Regulation of the Histone Demethylase JMJD1A by Hypoxia-Inducible Factor 1α Enhances Hypoxic Gene Expression and Tumor Growth▿†

Division of Radiation and Cancer Biology, Department of Radiation Oncology, Center for Clinical Sciences Research, Stanford University, Stanford, CA 94303-5152, USA.
Molecular and Cellular Biology (Impact Factor: 4.78). 10/2009; 30(1):344-53. DOI: 10.1128/MCB.00444-09
Source: PubMed


The hypoxia-inducible transcription factors (HIFs) directly and indirectly mediate cellular adaptation to reduced oxygen tensions.

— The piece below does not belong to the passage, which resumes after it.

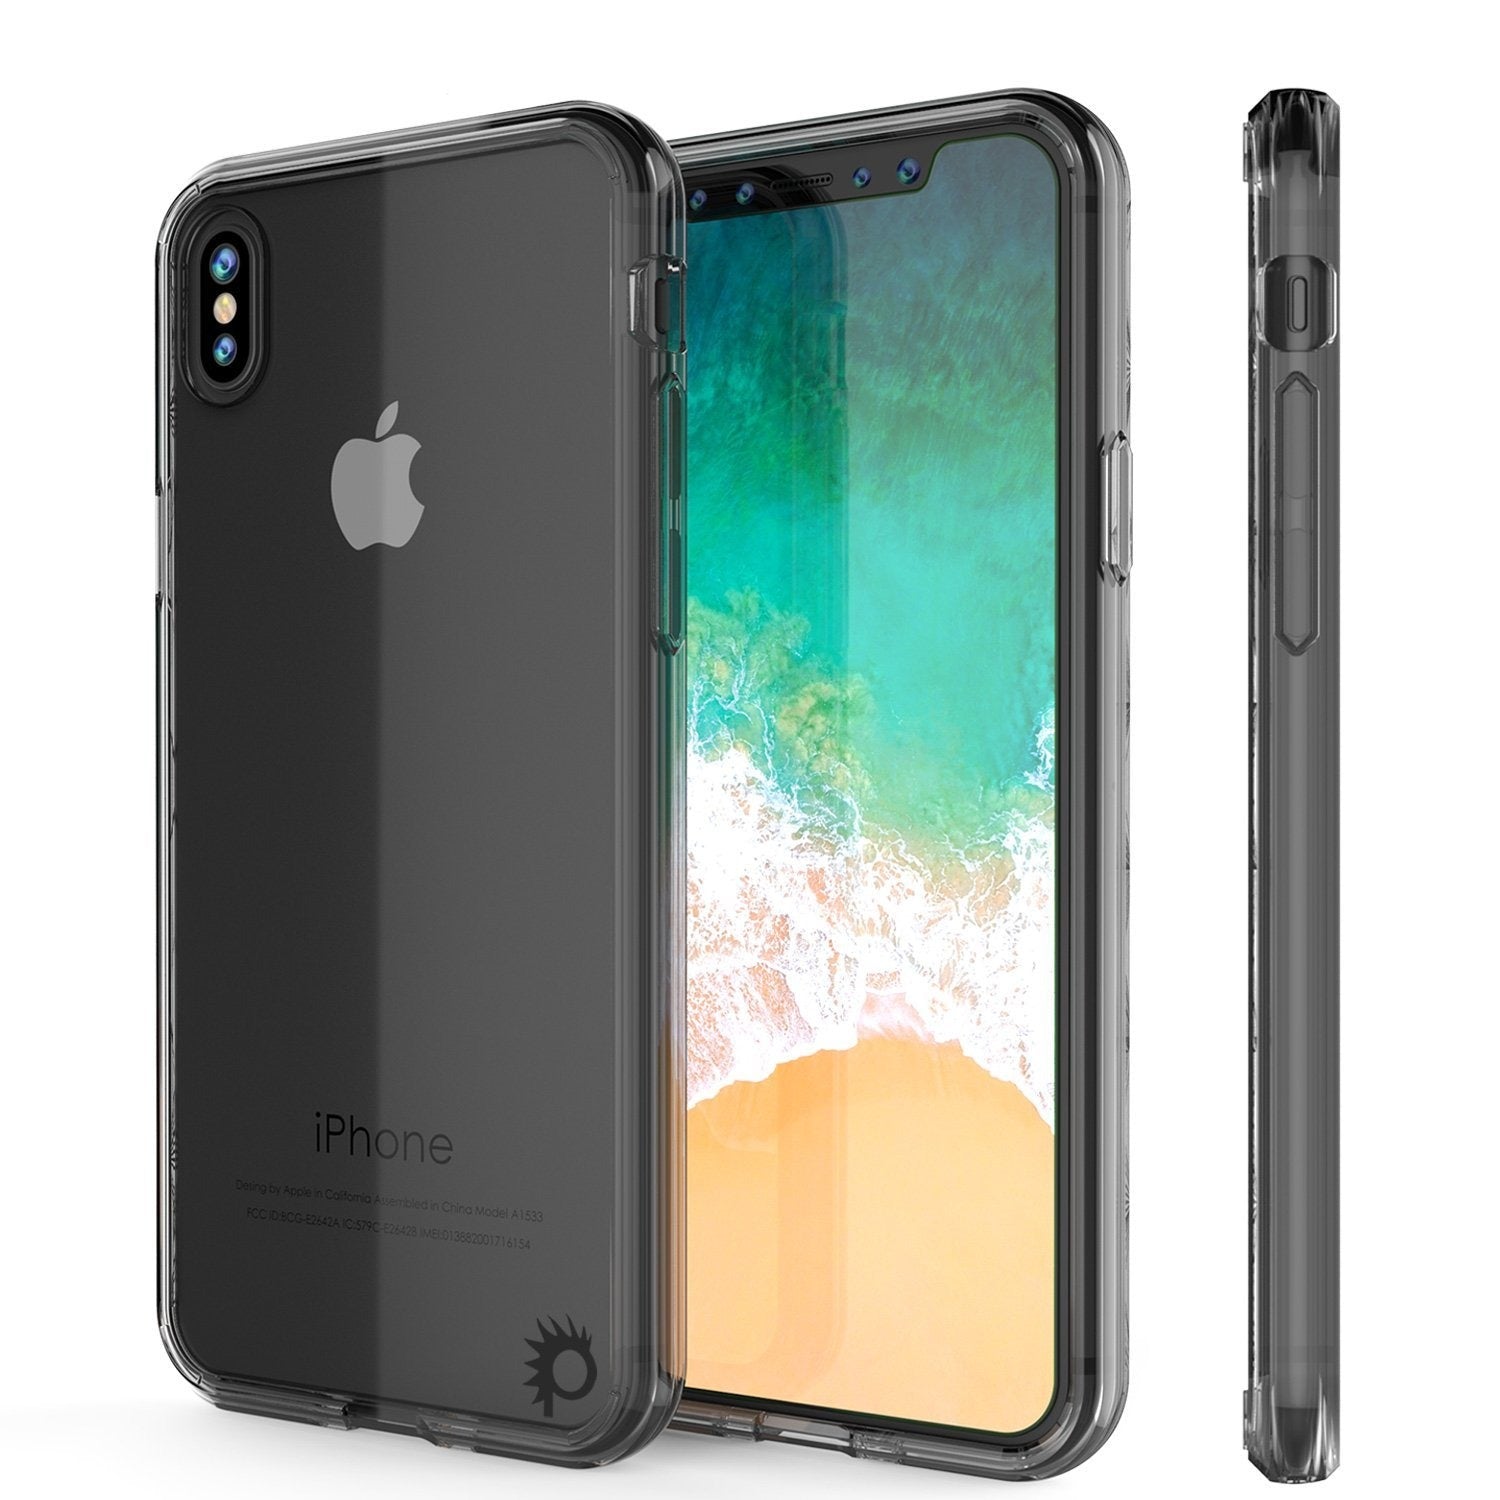 iPhone X Case, PUNKcase [LUCID 2.0 Series] [Slim Fit] Armor Cover W/Integrated Anti-Shock System [Crystal Black]

Recent studies have shown that the histone demethylase genes JMJD1A, JMJD2B, and JARID1B are HIF targets, suggesting that HIFs indirectly influence gene expression at the level of histone methylation under hypoxia.
In this study, we identify a subset of hypoxia-inducible genes that are dependent on JMJD1A in both renal cell and colon carcinoma
cell lines. JMJD1A regulates the expression of adrenomedullin (ADM) and growth and differentiation factor 15 (GDF15) under hypoxia by decreasing
promoter histone methylation. In addition, we demonstrate that loss of JMJD1A is sufficient to reduce tumor growth in vivo, demonstrating that histone demethylation plays a significant role in modulating growth within the tumor microenvironment.
Thus, hypoxic regulation of JMJD1A acts as a signal amplifier to facilitate hypoxic gene expression, ultimately enhancing
tumor growth.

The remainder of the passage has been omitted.